Look at what IDC predicts. By 2022, 90 percent of new enterprise applications will be cloud-native, using agile methodologies, and API-driven architectures. With modern development practices, the burden for identifying application security vulnerabilities is shifting to developers and DevSecOps teams. Can they manage it, though? 61 percent of organizations, say their environment changes once every minute or less, and for nearly a third, it changes at least once per second?
A Single Source of Truth
We need a single source of truth for application vulnerabilities so teams get real-time insights that allow them to focus on production-relevant exposures and help fix high-priority vulnerabilities first and build DevSecOps processes that can secure continuous delivery. This can be supported with automation, AI, and agility in application monitoring and testing.
Enterprises need to expand the coverage of applications, especially in production.
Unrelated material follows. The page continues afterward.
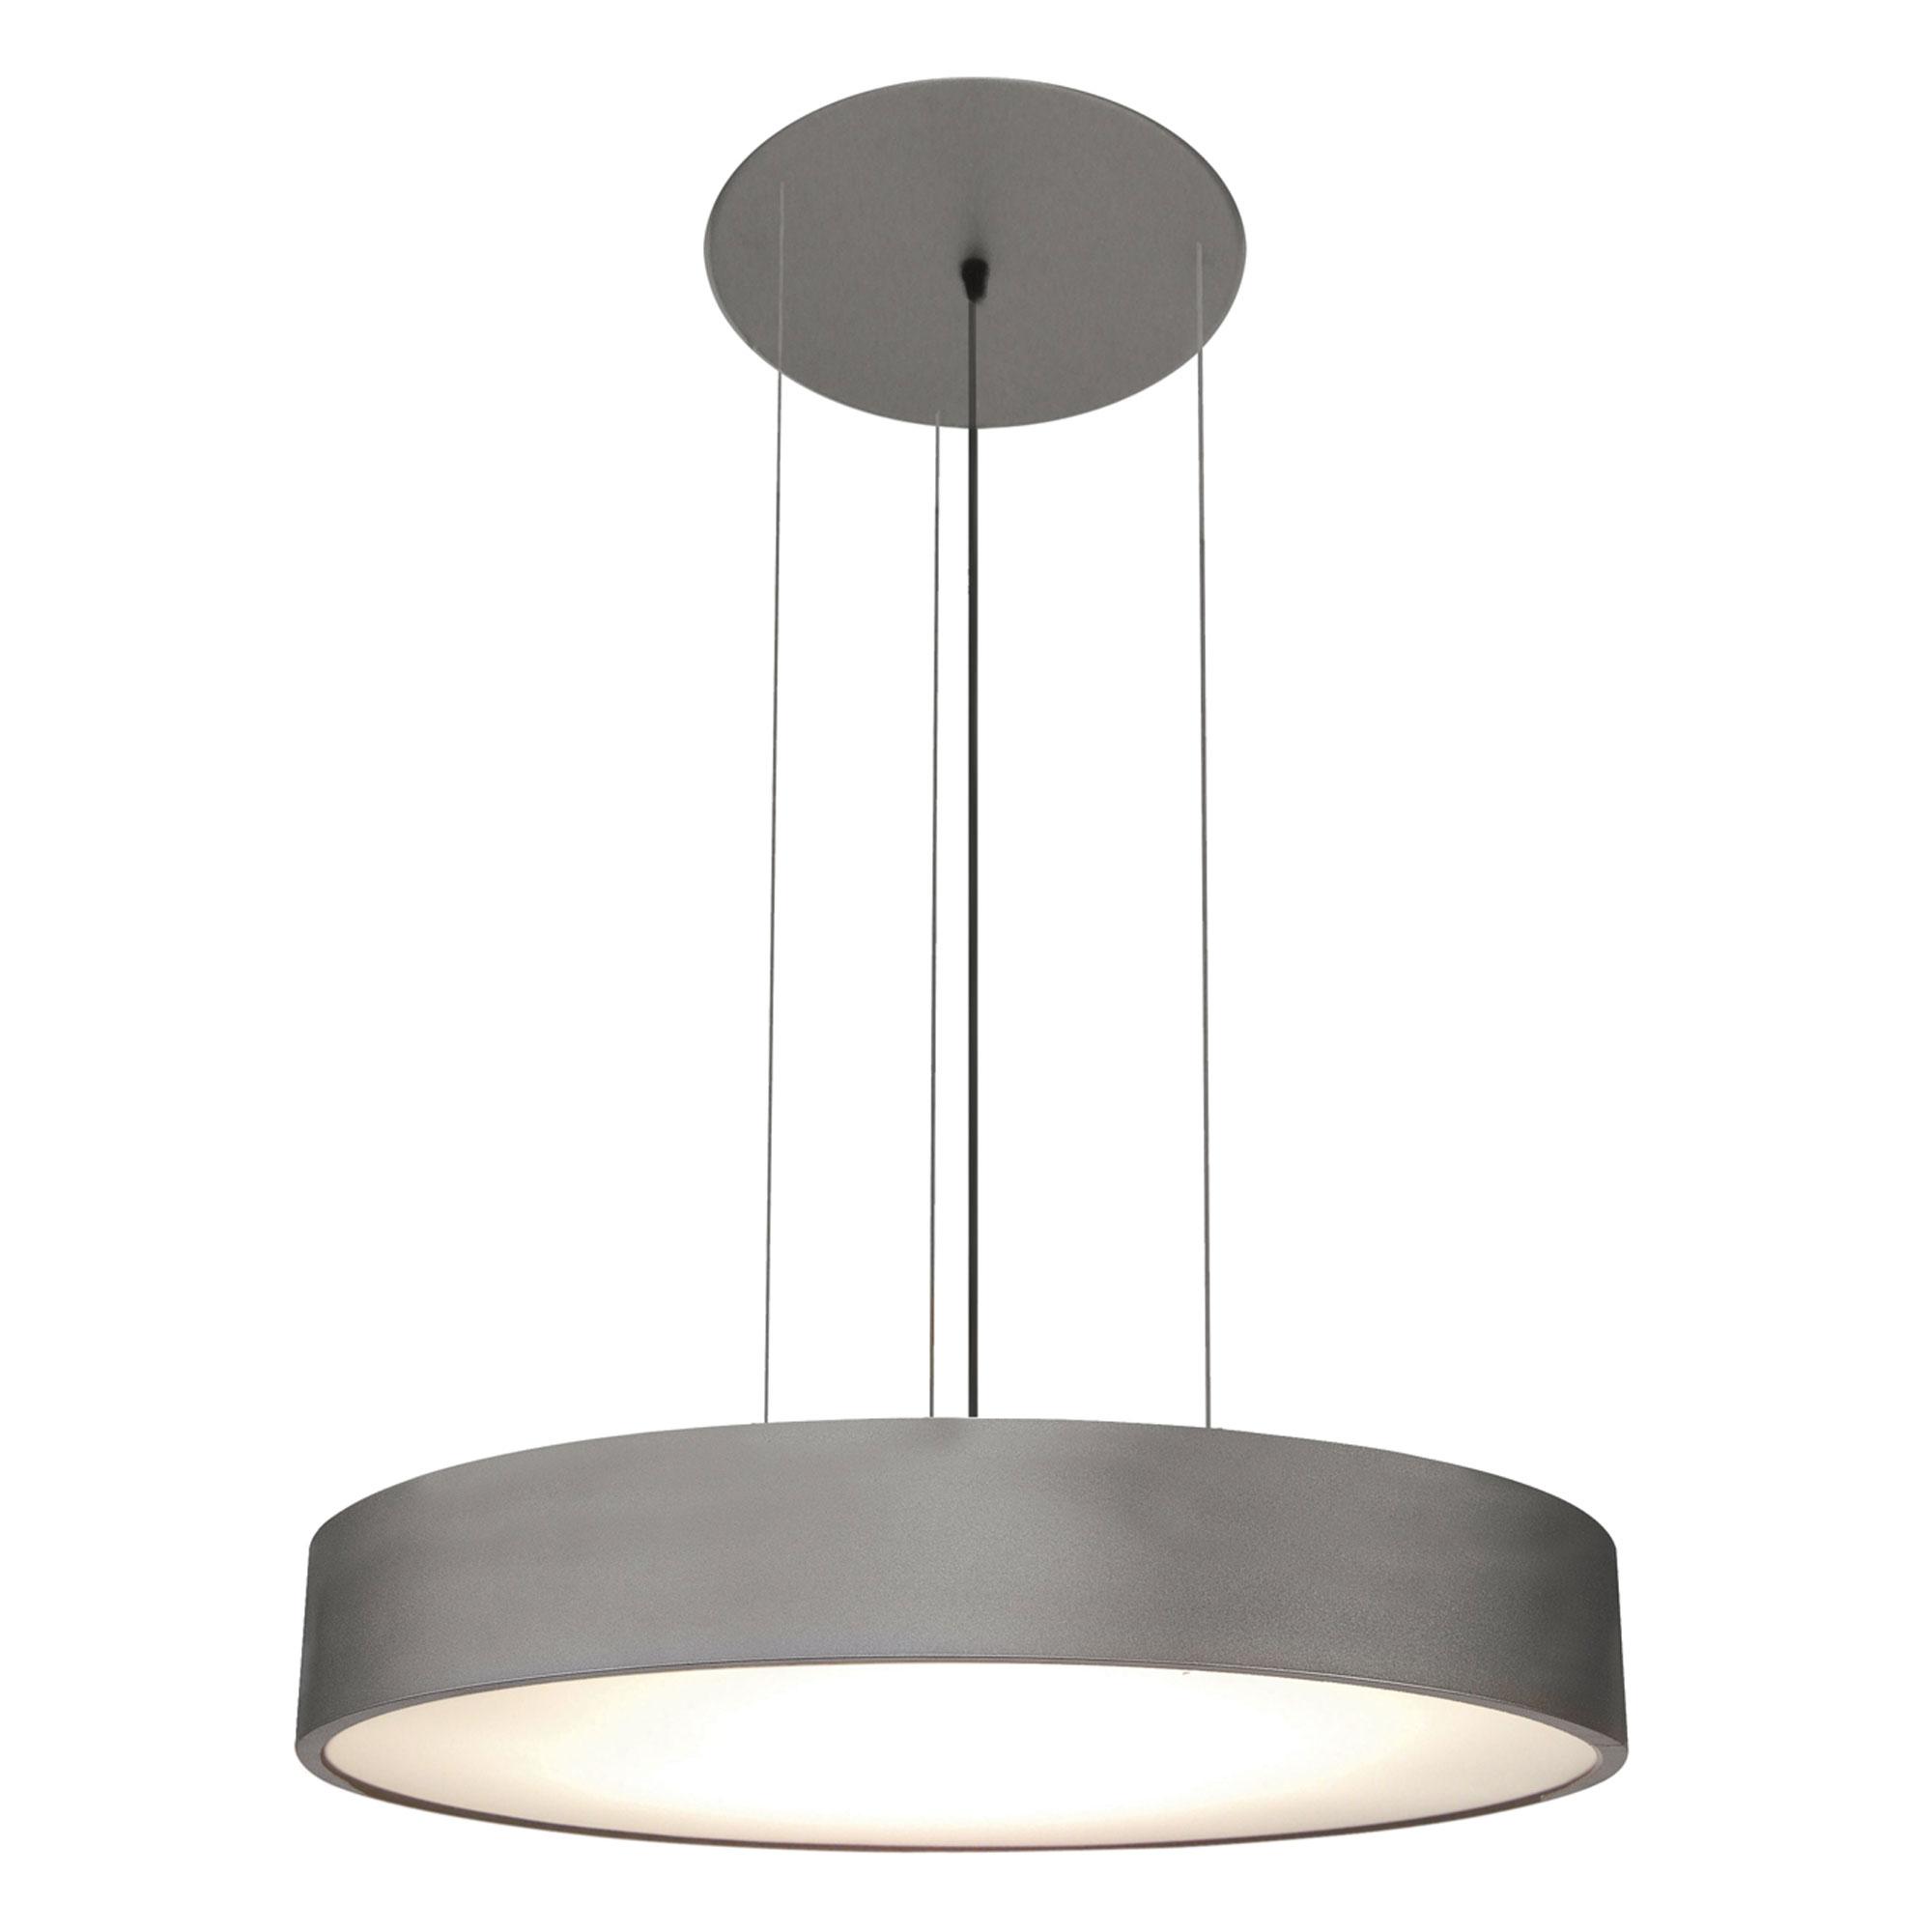 round light fixture chrome vega round suspension by pureedge lighting vegardh1si

This will help them find blind spots, detect vulnerabilities in real-time, and gain information to assess risks. There is an excellent need for visibility across the entire cloud and IT environment. There is a need for automation to reduce manual instrumentation and intervention. Teams should gather ease of use and rapid time to value from performance management solutions. Plus, they should bolster their ability to correlate alerts and reduce noise so IT teams can focus on what matters to the business. It would help immensely if they can capture metrics, logs, and traces in a single platform.
Final Thoughts
Gartner predicts, through 2025, 90 percent of the organizations that cannot control public cloud use will inappropriately share sensitive data. Also, by 2024, most enterprises will continue to struggle with appropriately measuring cloud security risks. Now, add to that the possibility that through 2025, 99 percent of cloud security failures will be the customer’s fault.
Yes, the cloud and the adjacent complexity of these new technologies will add more barriers to the success of application security. CIOs need to enforce policies on cloud ownership, responsibility, and risk acceptance. A life cycle approach to cloud governance is highly recommended, along with central management and monitoring plans to cover the inherent complexity of multi-cloud use.
The emphasis on applications security needs to go deeper and stronger as we see digital transformation gaining more and more pace. According to the 2020 CIO Global report, 89 percent of CIOs say their digital transformation has sped up in the last 12 months, and 58 percent say their digital transformation will continue to speed up. There is increased pressure on IT teams for increased demand for IT services (64 percent) and because IT is becoming more of a business imperative (56 percent). Also, 56 percent of CIOs say they almost never complete all the tasks the business needs from IT because of the time and resources drained by “keeping the lights on.”
Microservices, containers, and Kubernetes are helping organizations achieve the agility they need to speed up innovation, but the complexity of managing these ecosystems is increasing.
This adds new challenges for the already stretched cloud and IT operations teams struggling to keep up. 63 percent of CIOs say the complexity of their cloud environment has surpassed human ability to manage.
When containers and microservices come and go in seconds, IT teams face a volume, velocity, and variety of data from metrics, logs, and traces. So, it’s time to reflect on the relevance of manual approaches to configure and instrument apps or script and source data. We need fresh approaches and capabilities to manage this scale, complexity, and frequency of change.
Application Security will need a significant shift – in tools, mindset, and automation. It won’t be full-proof, but it will be future-proof.